West Indies Rum Distillery (WIRD)

History

More about West Indies Rum Distillery (WIRD)

Status Operational
Established: Not supplied
Visitor Policy: Not generally accessible
Tel: Not supplied
Website: http://www.cockspurrum.com
The story of West Indies Rum Distillery is a tale of several entrepreneurs all involved in the rum blending business and how through successive mergers and acquisitions a strong company and distillery emerged to promote Cockspur Rum to an international market.

Address

Brighton Black Rock Street
Michael
Barbados

Valdemar Hanschell, a sea captain from St. Thomas in what was then the Danish Virgin Islands, settled on the island of Barbados and in 1884 he established a chandlery business supplying ships with ropes, sails and provisions. By the early 20th century he had also diversified into the local liquor market, launching Cockspur rum, named after the island’s traditional sign of the rooster. The golden rum soon became the best selling rum on the island.

By 1921, Hanschell’s grandson was running the business with his grandfather and father as directors. They took on a partner, G.A.L. Larson and after the deaths of the two elder Hanschells in 1925 and in 1928, the company’s name was changed to Hanschell Larson. Another change in company name and structure came in 1971 when Hanschell Larson merged operations with a larger English ships chandlers business called James H. Innis, to form Hanschell Innis Ltd. Just two years later, the present owners, Goddard Enterprises enter the Cockspur story after acquiring Hanschell Innis Ltd on 1st July 1973.
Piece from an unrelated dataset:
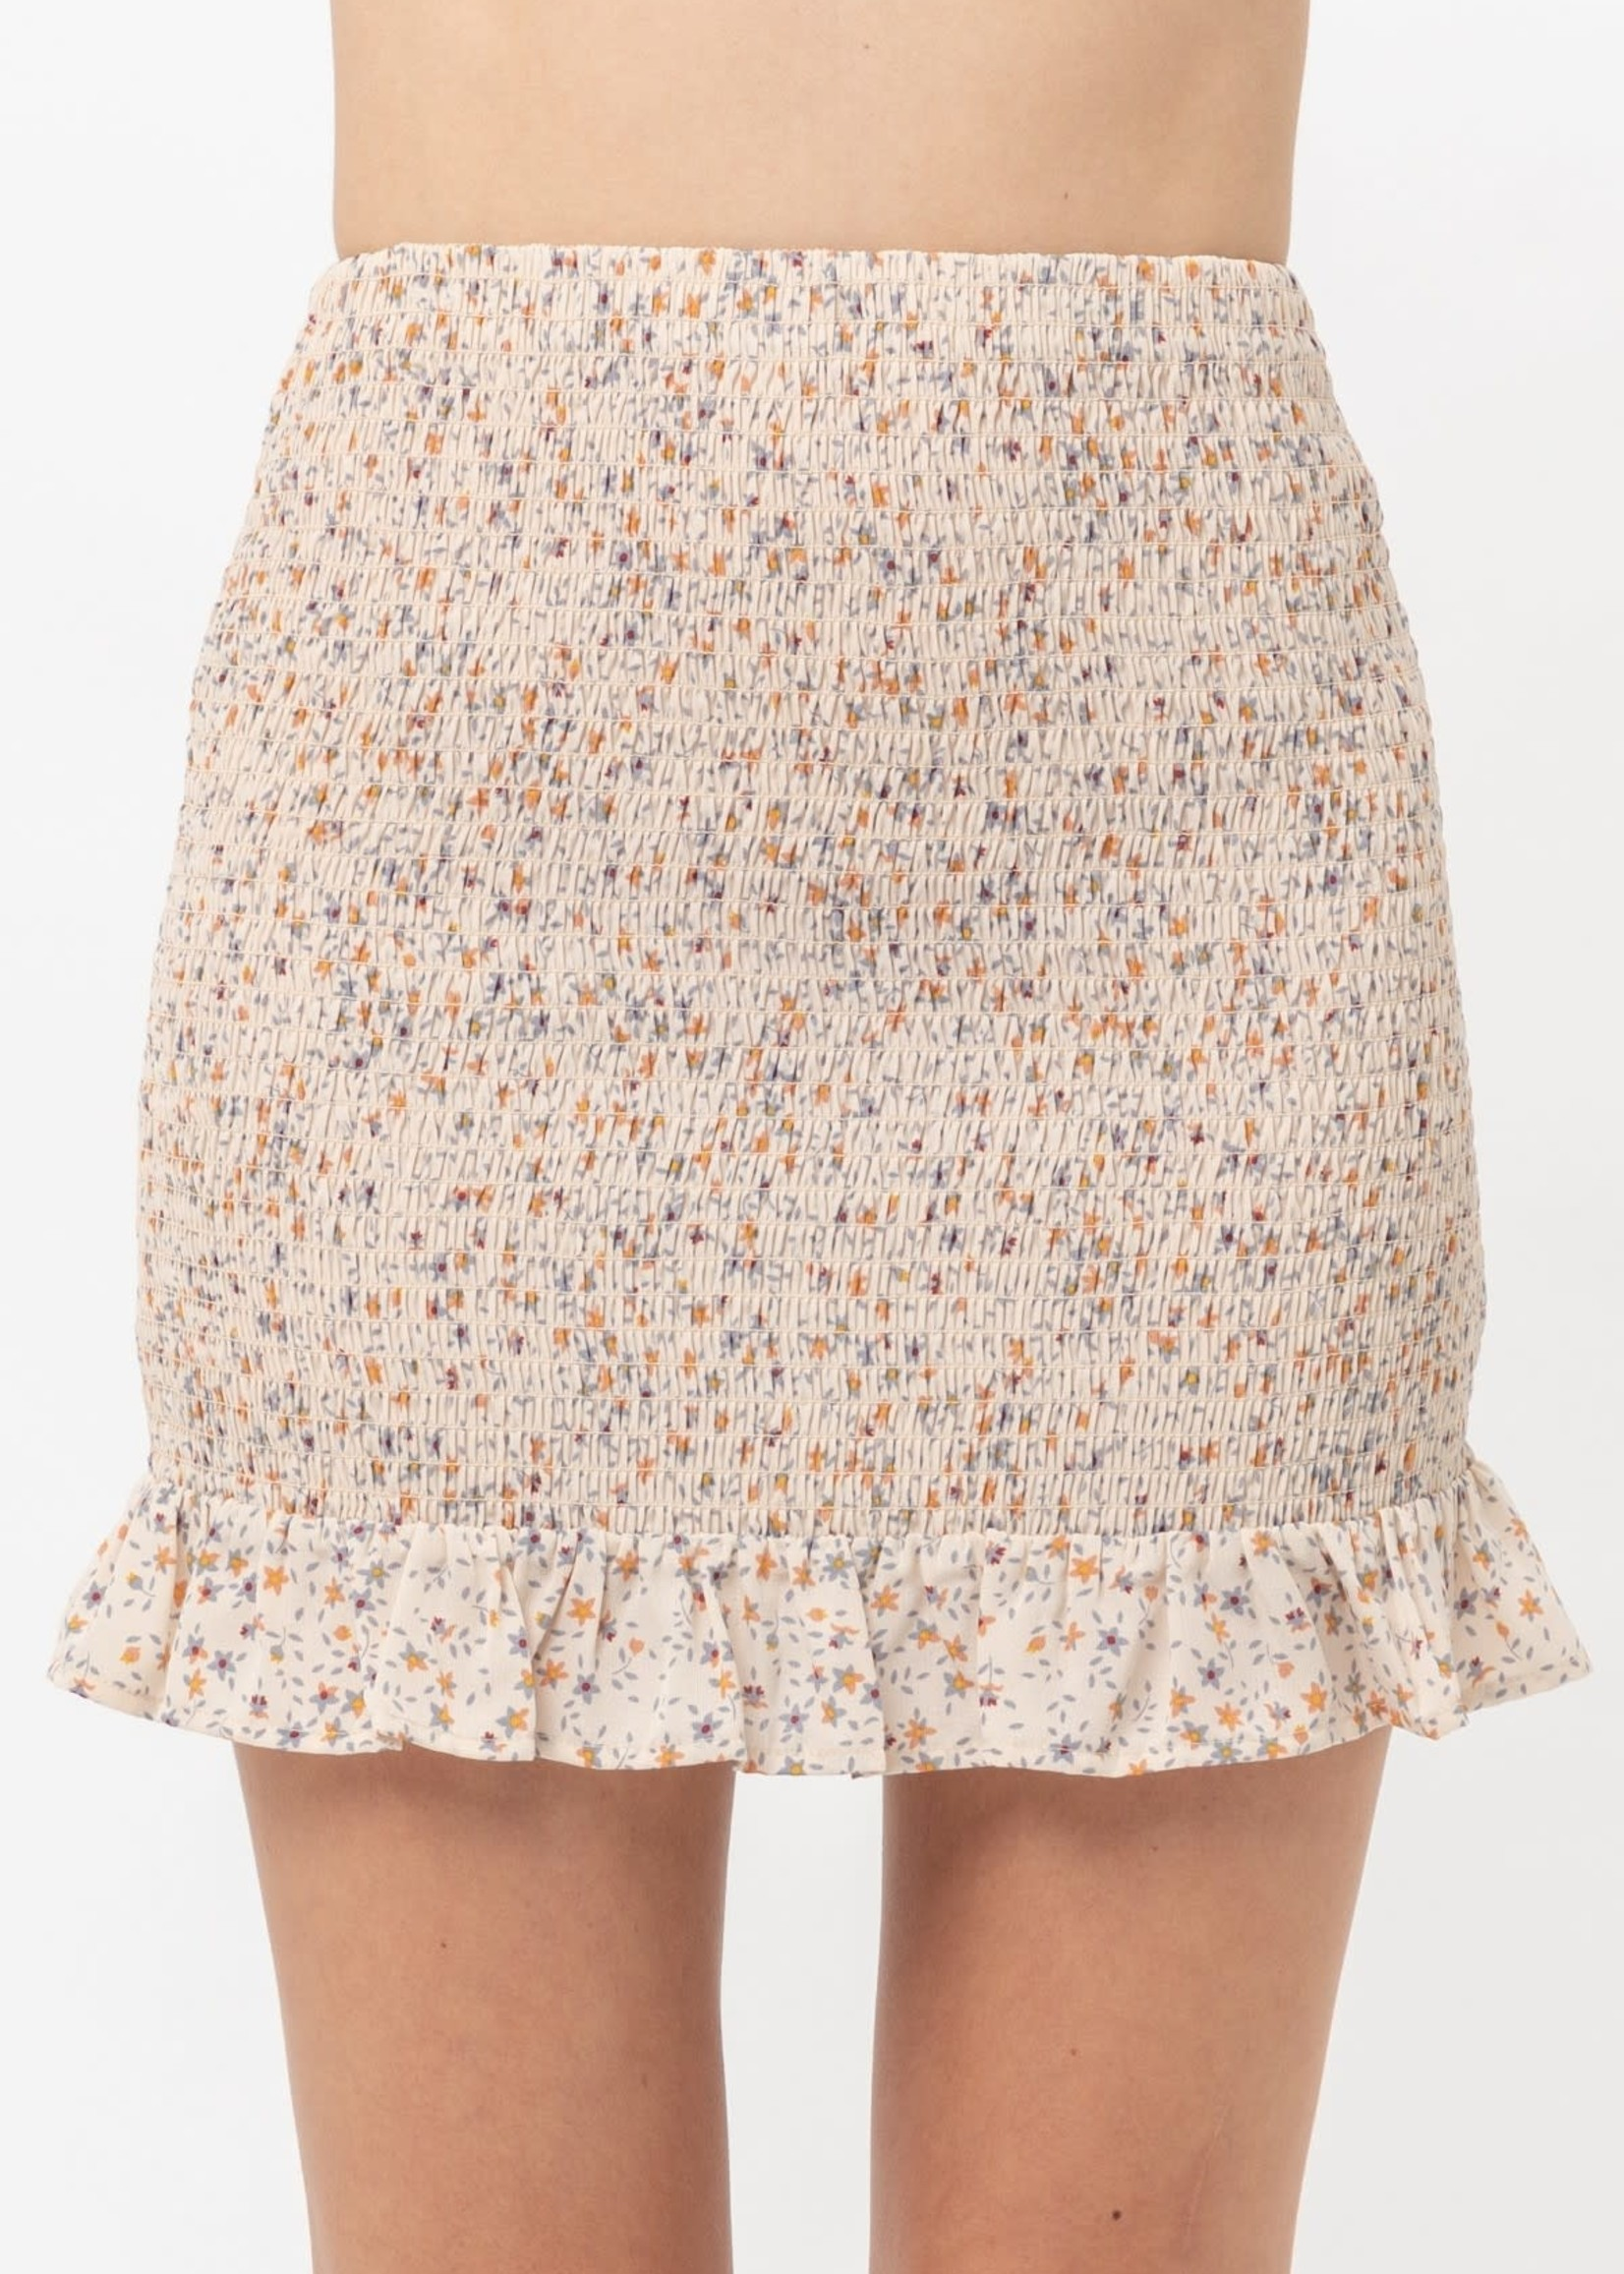 EM & ELLE Pheonix Printed Skirt

Goddard Enterprises is a major conglomerate in the Caribbean and Latin America with subsidiary companies in over twenty countries and over 3,000 employees. Incredibly, this now huge company also grew from humble beginnings when in 1989, Joseph Nathaniel Goddard, a Barbadian born on the island to a poor white family opened a small family shop in Bridgetown Barbados. He quickly built a food and drink based retailing empire. His father, Mr Joseph Josiah Goddard, had been employed as a rum blender, so it was natural that he should also offer customers his own blends in his shops.

Successive generations of Goddards continued to grow and diversify the business encompassing activities including retail supermarkets, ship chandlery, rum blending, airline catering, not to mention completely unrelated activities such as cement production. Well before acquiring Cockspur, Goddard Enterprises had already established their own Gold Braid rum brand and acquired the J&R rum after the takeover of Johnson & Redman. More importantly, the company had invested in the West India Rum Refinery (now called the West Indies Rum Distillery) in 1965, eventually acquiring 88% of the distillery, which incidentally was already contract distilling Cockspur.

Of the five rum distillers on Barbados, West Indies Rum Distillery is by far the largest, not only making and bottling Cockspur, but also supplying bulk rum to other brands in both Europe and America. The distillery was established in 1893 by the Stades brothers - primarily to export rum to their homeland of Germany. They were proud “pioneers in scientific rum making”, coming a close second to the claim of being the first to use continuous stills in the Caribbean. (Bacardi claim their stills were imported from Paris and installed in Cuba in 1889.) The installation of the Stades brothers’ stills in 1893 is documented in ‘The Sugar Cane’, published on 1st December that year by Jas. Galt & Co. of Manchester, England, a fragile originally copy of which can be seen at the distillery. Further evidence of the stills installation comes in the form of a drawing from the Barbados government archives - depicting changes to the still made in 1904. Incredibly this vintage still is still in use to this day, now as a rectifier on top of Pot still #62.

The West Indies Rum Distillery sits on the beach, just a 100 or so meters above the high water line. Over the years it has expanded in all directions, its storage tanks and warehouses clearly visible against the beach to aircraft landing at nearby Bridgetown Airport and the cruise liners that dock just along the coast. This fabulous location and the family atmosphere that prevails at the distillery may have something to do with the company’s high staff retention. Of the sixty odd people who work at the distillery, over 30 years service is commonplace. Mr Harris, the Master Distiller, has worked there since 1979 and is an integral part of the fabric of the place; he even lives in the company’s beachfront house a few hundred meters from the distillery. Handy, as the distillery operates 24 hours a day and he is always on call should his expertise be needed.

Since acquiring Cockspur in 1973, Goddard Enterprises has built the brand both domestically and internationally. Within a decade of acquiring the brand, Cockspur could be found in every bar and rum shack, its standing amongst Barbadians built by sponsorship of sports events such as horse racing, sailing regattas and in particular cricket – the sport taken most seriously in the Caribbean.

In Barbados, Cockspur is known as ‘the cricketer’s rum’ and it is also the official spirit of English Test Match cricket grounds with Cockspur’s popular ‘rum shack’ present at each test match ground. Cockspur also sponsors the England and Wales Cricket Board’s Twenty 20 club tournament and sponsors the infamous ‘Barmy Army’ of loyal England cricket supporters.